PROBLEM DETAILS: Below this sentence is a listing; return exactly its lines from the one with "Cambridgeshire average age change map" to the one with "minecraft taart Minecraft", both kept, and nothing more.

DATASET ENTRIES:
*** Begin section ***
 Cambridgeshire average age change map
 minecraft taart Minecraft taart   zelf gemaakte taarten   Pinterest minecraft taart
*** End section ***
*** Begin section ***
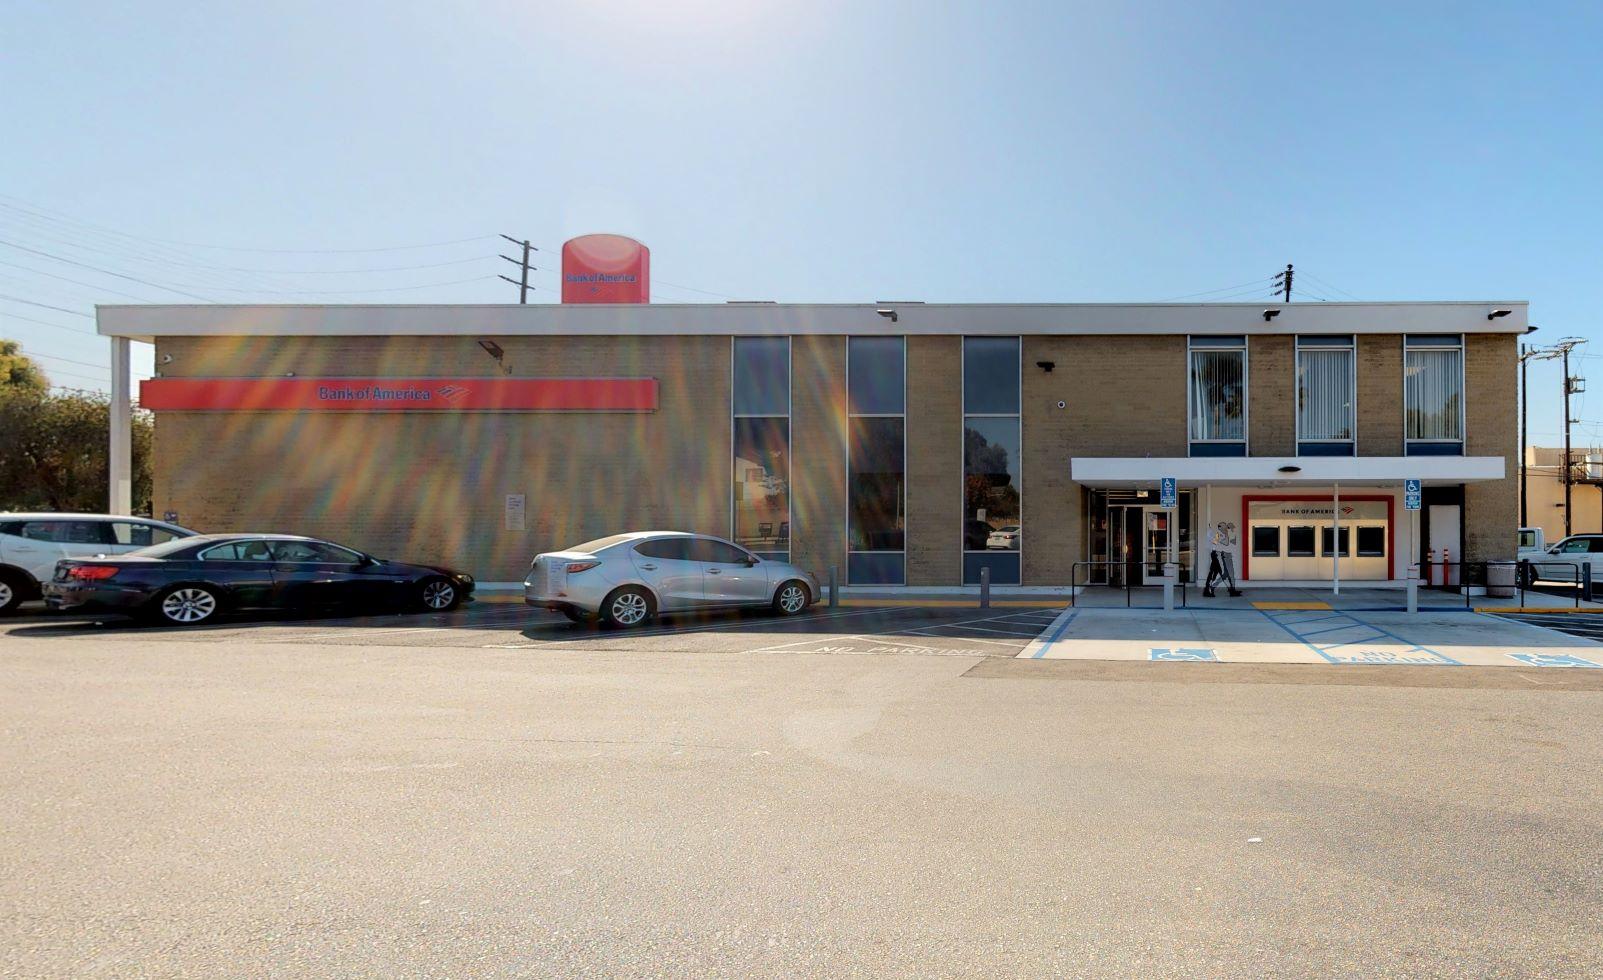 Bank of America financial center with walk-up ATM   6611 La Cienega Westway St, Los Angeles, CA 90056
*** End section ***
SOLUTION TO THIS PROBLEM:
 Cambridgeshire average age change map
 minecraft taart Minecraft taart   zelf gemaakte taarten   Pinterest minecraft taart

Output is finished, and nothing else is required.